Within the questionnaire, each best practice can be assessed on a five-point scoring scale, from “fully present” to “not present”. According to the resulting score, a company’s ERM programme can move in several directions within the quadrant. The final positioning in the ERM Readiness Quadrant provides the organisation with a summarised view on the maturity level of ERM integration into the two key dimensions, “strategy setting” and “performance management”, respectively represented on the “x” and “y” axes. 

We believe that our readiness assessment methodology is unique: for the first time ever, it not only assesses the level of sophistication of methodologies, tools and techniques, processes and organisational solutions put in place by companies, but goes far beyond and interprets if and how they are really contributing to add value through ERM integration with strategy setting and performance management — the core focus of the COSO ERM framework — thus enabling the definition of a roadmap for advancing ERM further to benefit the business.

Many companies we meet are experiencing pressure from the board of directors to strengthen risk oversight and, in response, they have made progress by implementing processes that serve a worthwhile purpose. However, several organisations are still struggling to integrate their risk management processes with strategic planning and performance management, and are facing barriers that are impeding progress in maturing their ERM system. Ask yourself if your status quo is sufficient to meet the challenges expected over the next few years.

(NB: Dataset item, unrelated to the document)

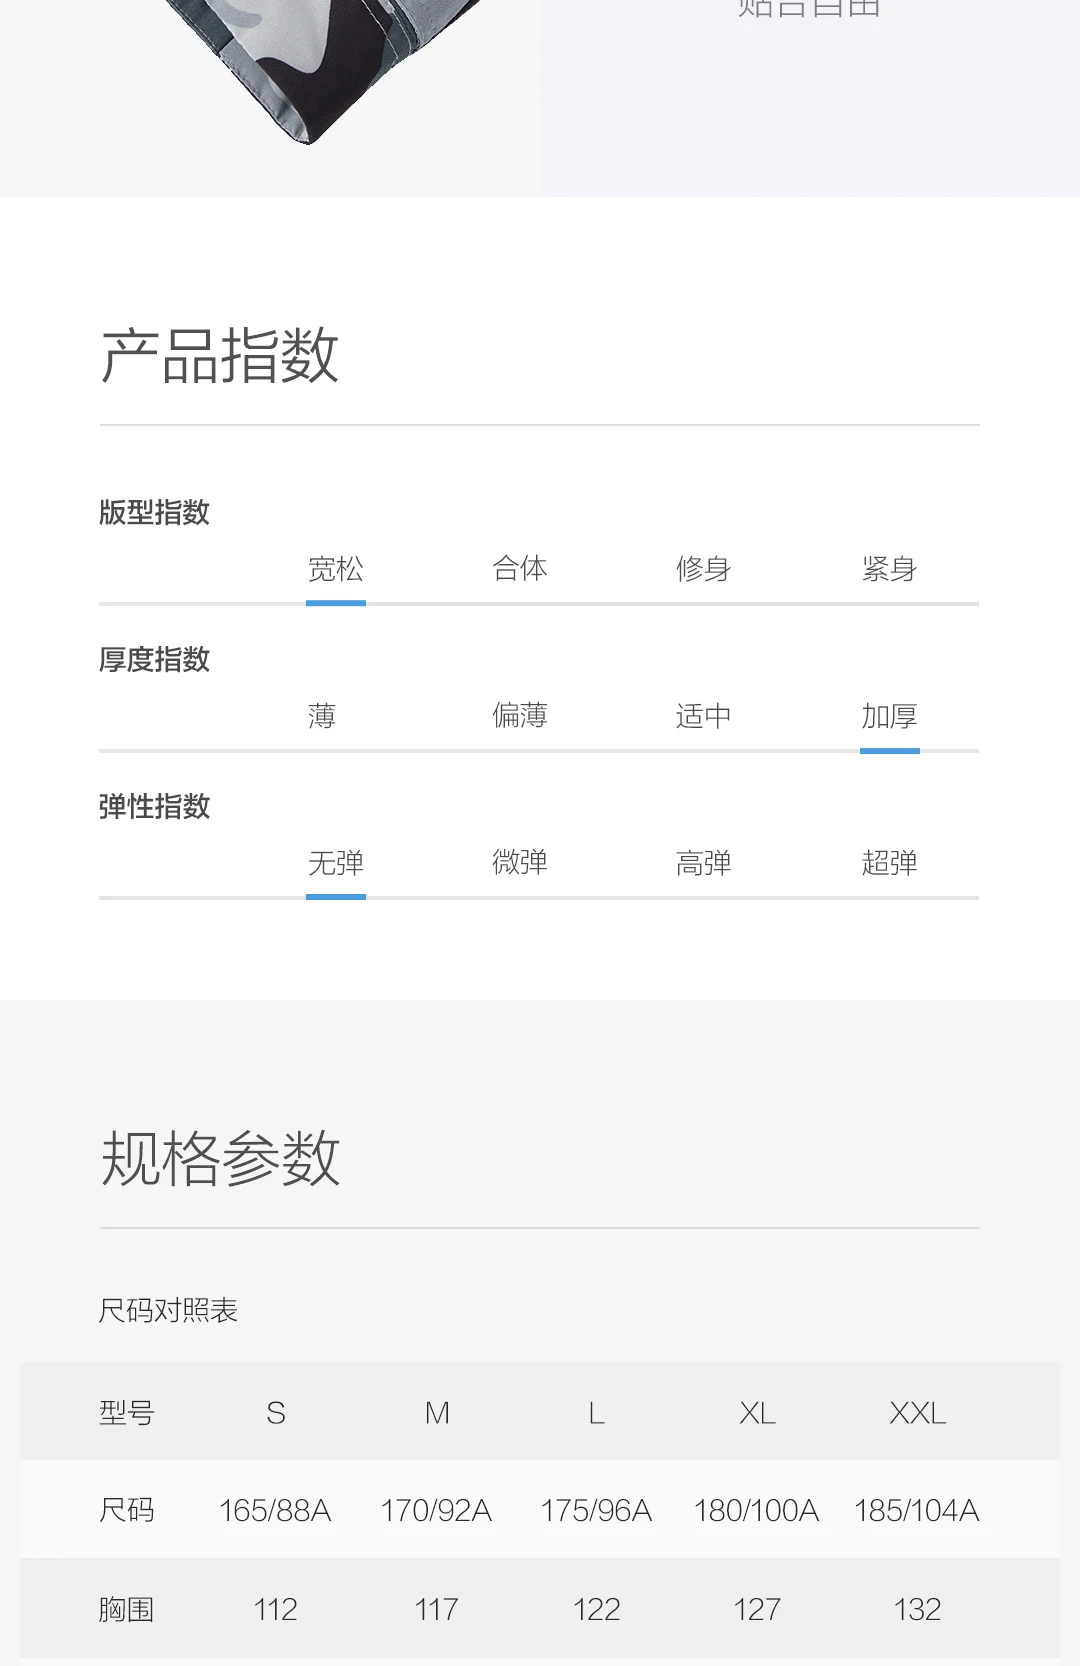 Xiaomi Mijia Youpin MITOWNLIFE Зимний пуховик 90 утиный пух четыре уровня водоотталкивающий тренд камуфляж
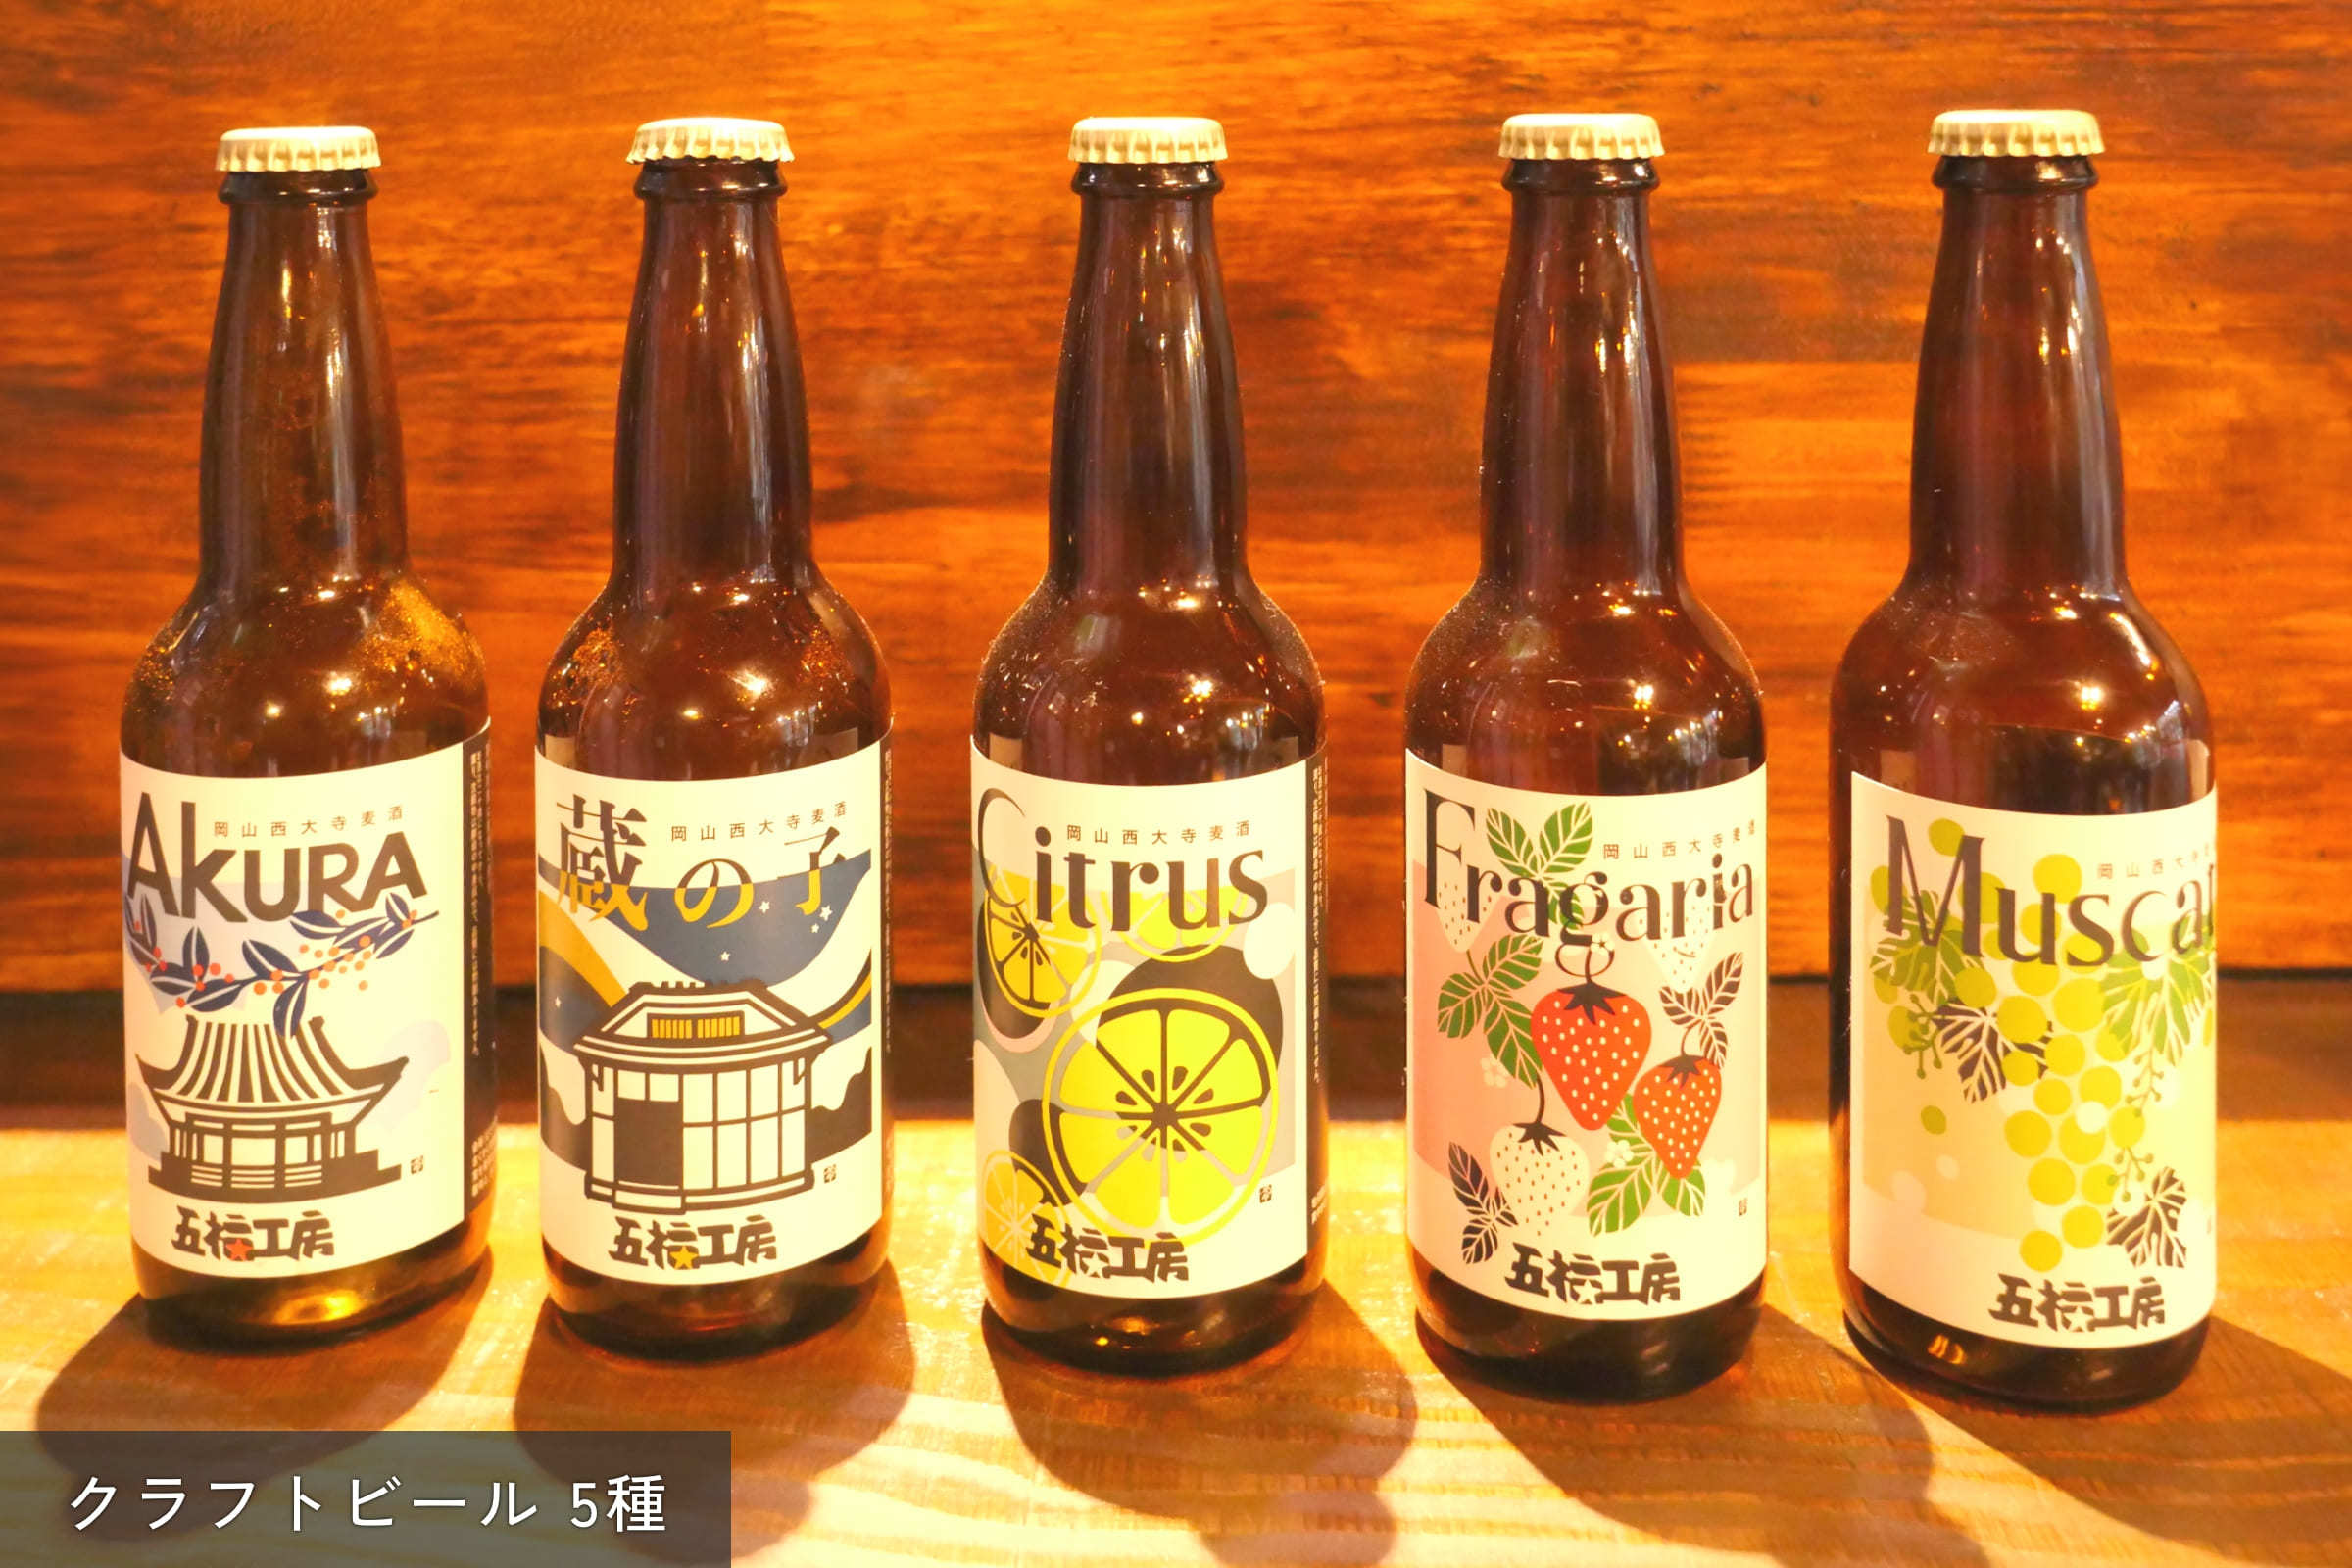 クラフトビールが5種類並んでいる写真

- Matt Taylor, Managing Director, Protiviti
Figure 1: The Protiviti ERM readiness quadrant

 
INITIAL ADOPTERS
“Initial adopters” are those companies that have not yet completely defined nor fully implemented an ERM programme throughout the organisation. Such companies also do not have clearly defined ERM goals or objectives nor roles and responsibilities of the various parties involved in the process. Their risk culture needs to be addressed and reinforced.
 
 
ACTIONABLE 
Companies are considered “Actionable” when the focus of their ERM programme is on strategy execution, process management and day-to-day business activities. In this quadrant, ERM mostly aims at protecting business performance in the short to medium term — including the company’s value and reputation. Although actionable companies have set strategic goals and understand the risks that may impact and/or alter how these goals are approached, ERM does not yet influence strategy-setting. 
 
 
 
INFLUENCER
 “Influencers” are firms with ERM programmes well integrated with strategic and business planning processes. As influencers, risks and opportunities are analysed and taken into deep consideration when strategic goals and objectives are defined; this integrated process is often driven by those functions that are responsible for strategic planning and business development. Although very mature in the integration with strategy setting, ERM is less evolved with regards to methodologies, tools, techniques, and ownerships, for managing and monitoring recurring risks that may impact day-to-day business performances.
 
 
 
LEADER
At “Leader” firms, ERM programmes are balanced and strongly support both strategy and performance thanks to a diffuse risk culture. During strategy and objectives setting (i.e. evaluation of strategic options, strategic planning, budgeting and forecasting activities), ERM analyses how risks and opportunities may influence value creation, providing management and the board with “risk-return” considerations to align strategies with the company’s risk appetite. During strategy and business execution, ERM proactively contributes to addressing these risks and opportunities on a recurring basis and throughout the entire organisation. This approach enables leading ERM organisations to significantly influence business performance and sustainability not only in the short and medium term, but also in the long term.